* _TASK_
Restate the full listing word for word and leave the pictures out.

* _SUPPLIED MATERIAL_
----------------

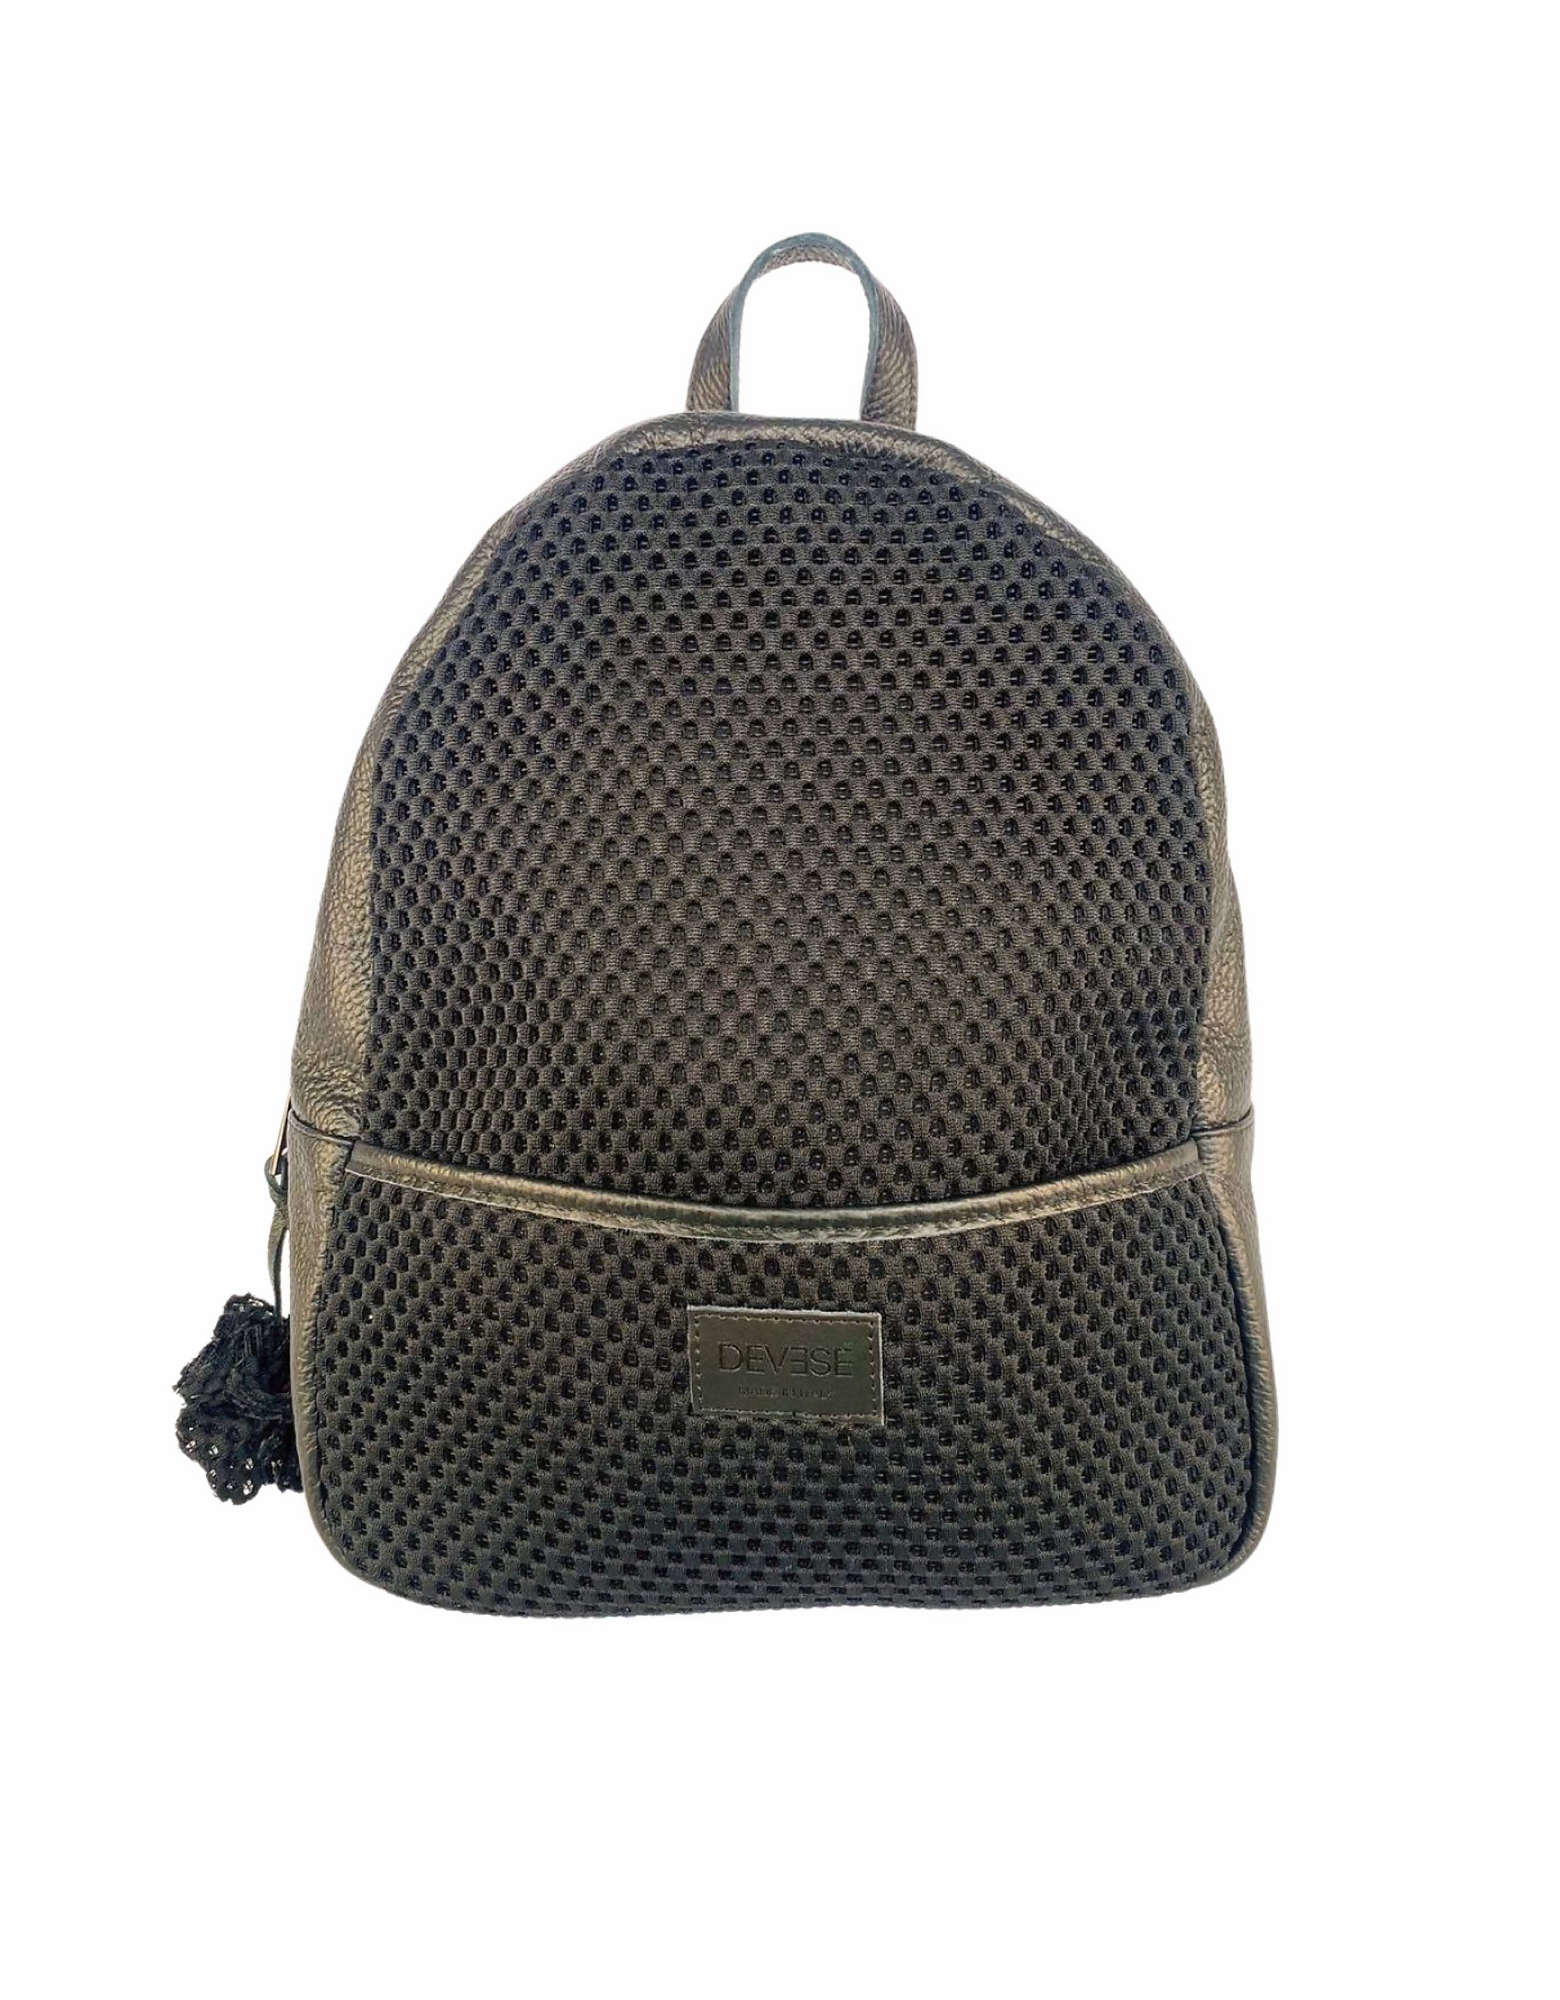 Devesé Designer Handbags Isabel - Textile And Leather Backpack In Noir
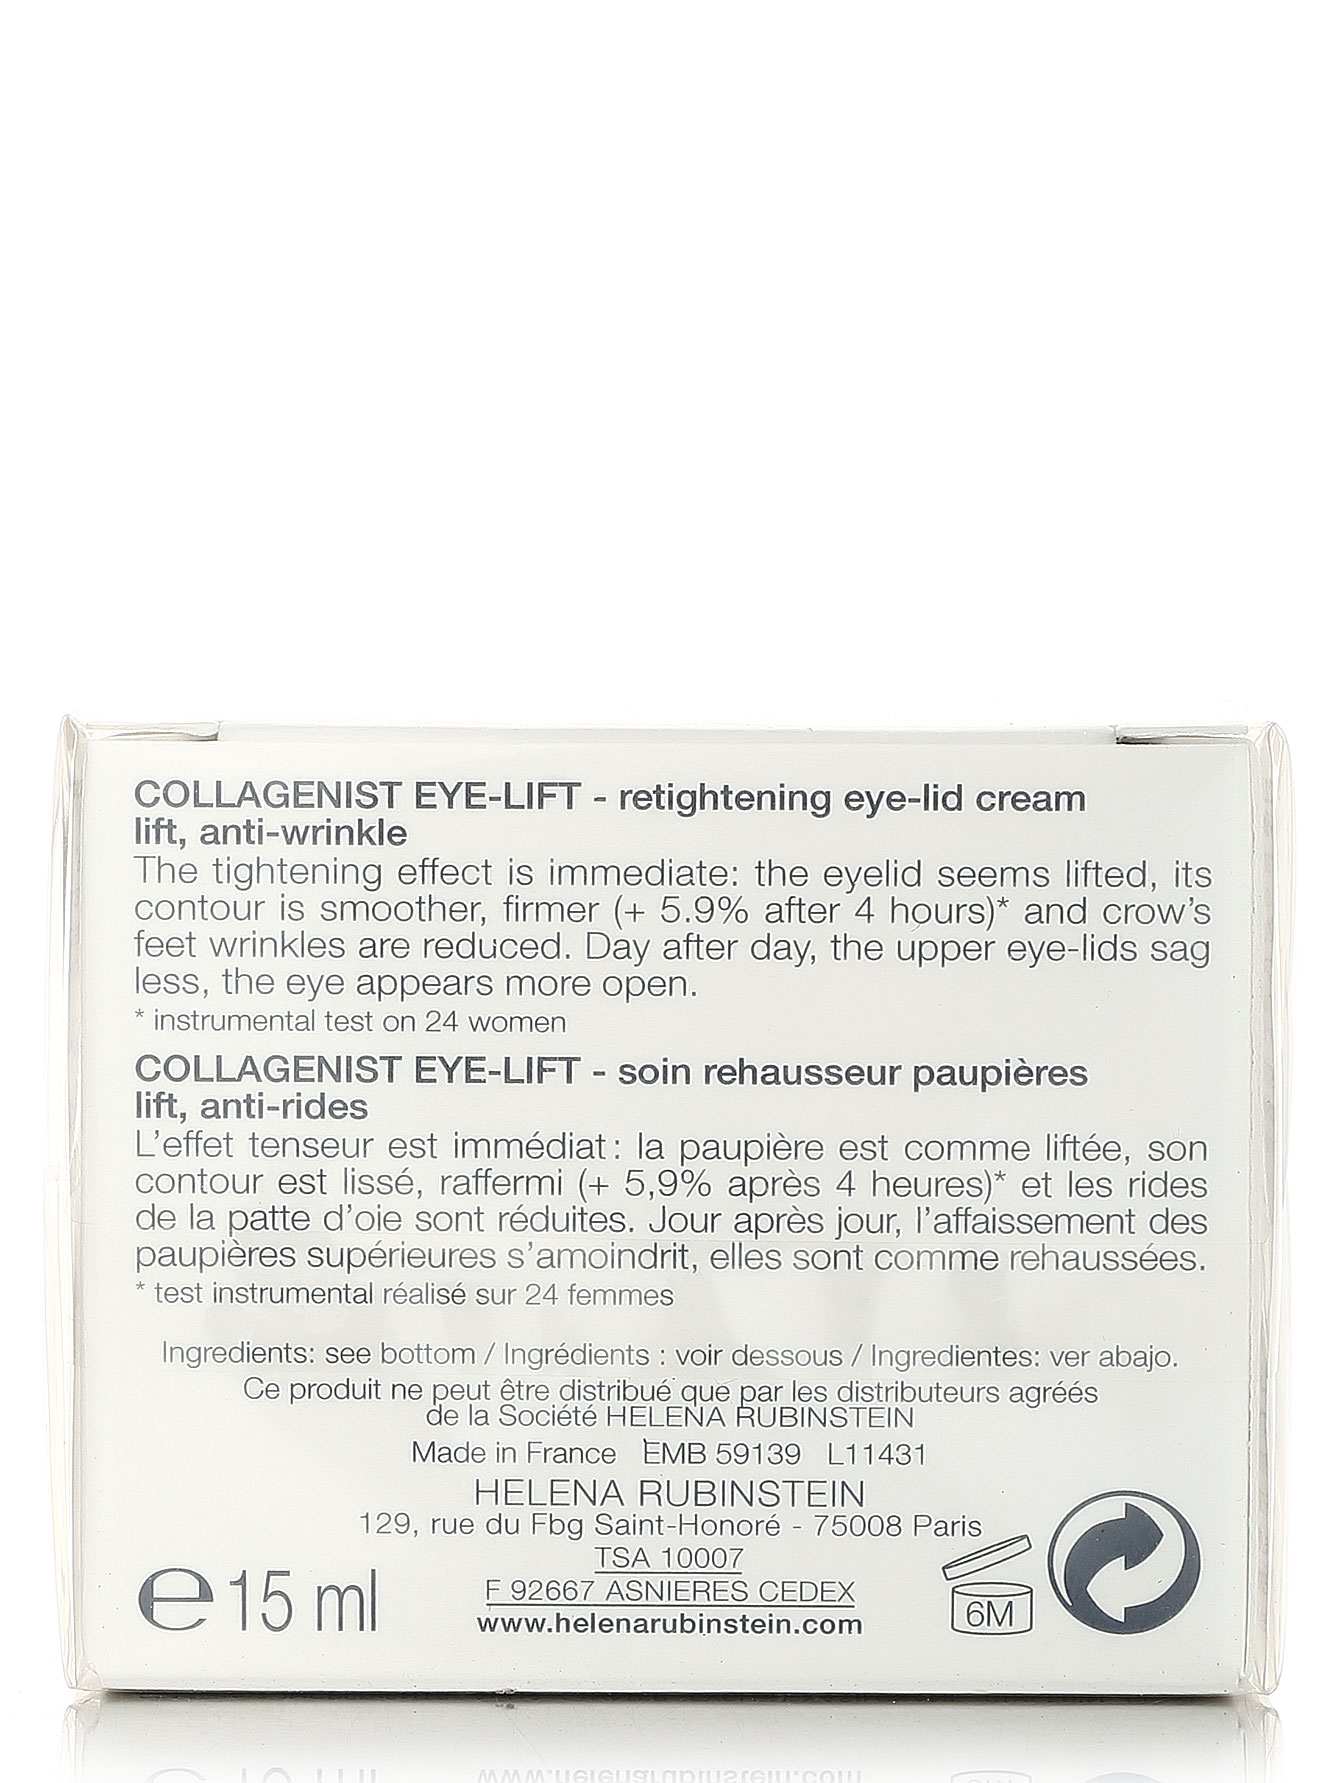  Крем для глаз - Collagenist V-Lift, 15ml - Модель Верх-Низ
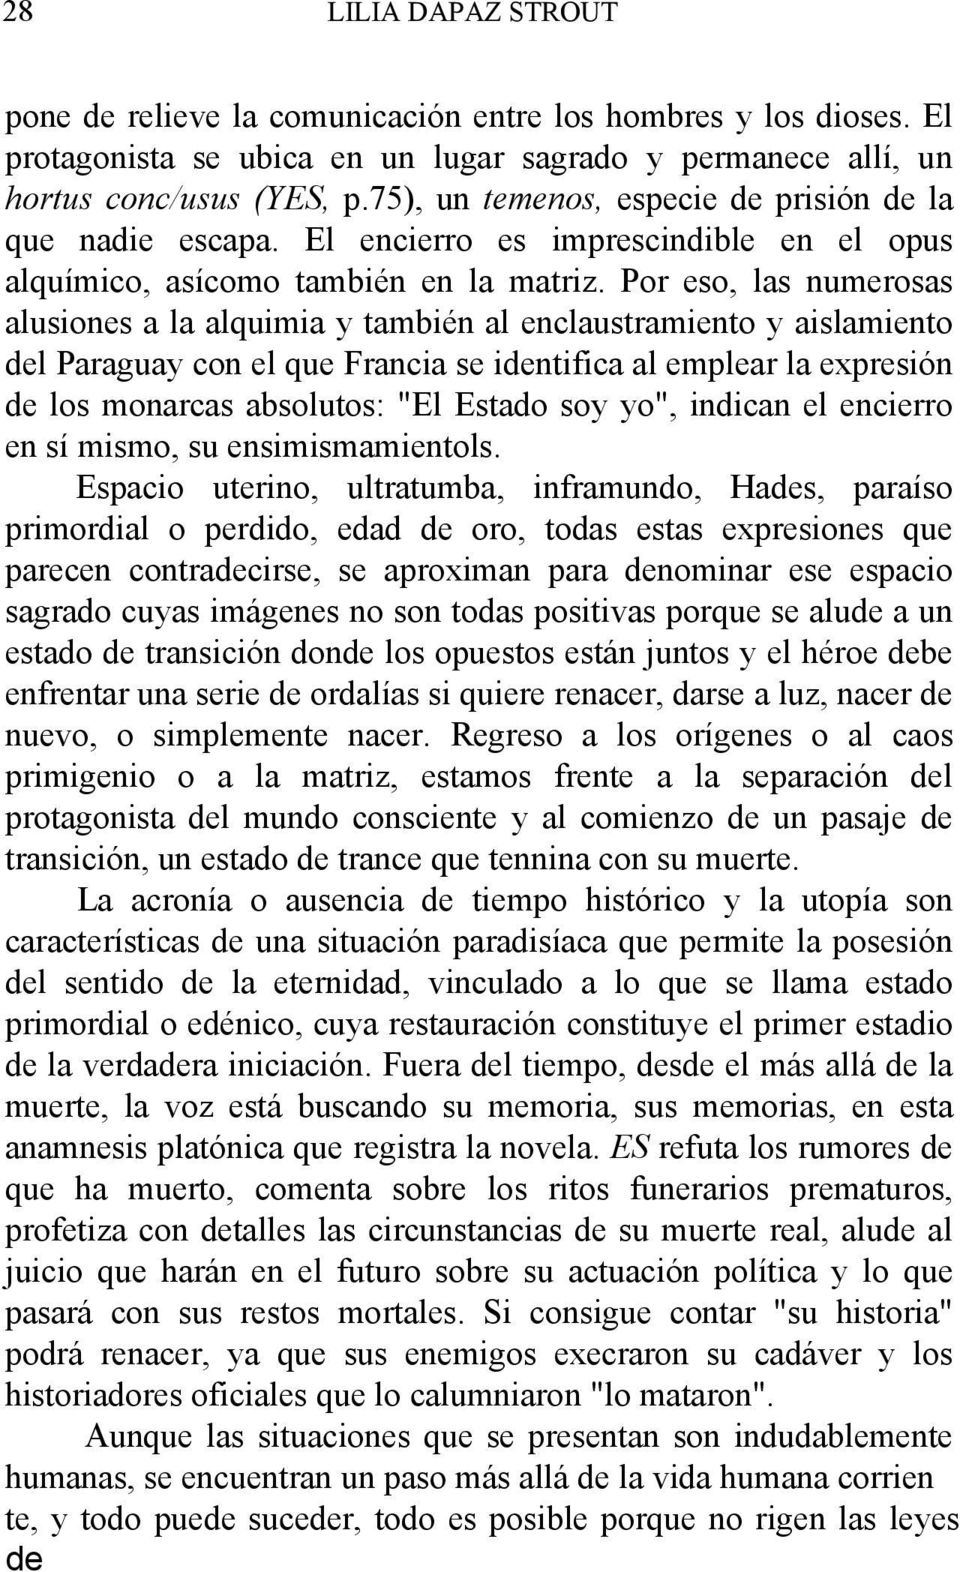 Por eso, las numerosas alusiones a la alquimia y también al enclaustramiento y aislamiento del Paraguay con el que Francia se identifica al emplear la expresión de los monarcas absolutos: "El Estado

----------------

* _SOLUTION FOR THIS EXERCISE_
 Devesé Designer Handbags Isabel - Textile And Leather Backpack In Noir
  Крем для глаз - Collagenist V-Lift, 15ml - Модель Верх-Низ
 Por eso, las numerosas alusiones a la alquimia y también al enclaustramiento y aislamiento del Paraguay con el que Francia se identifica al emplear la expresión de los monarcas absolutos: "El Estado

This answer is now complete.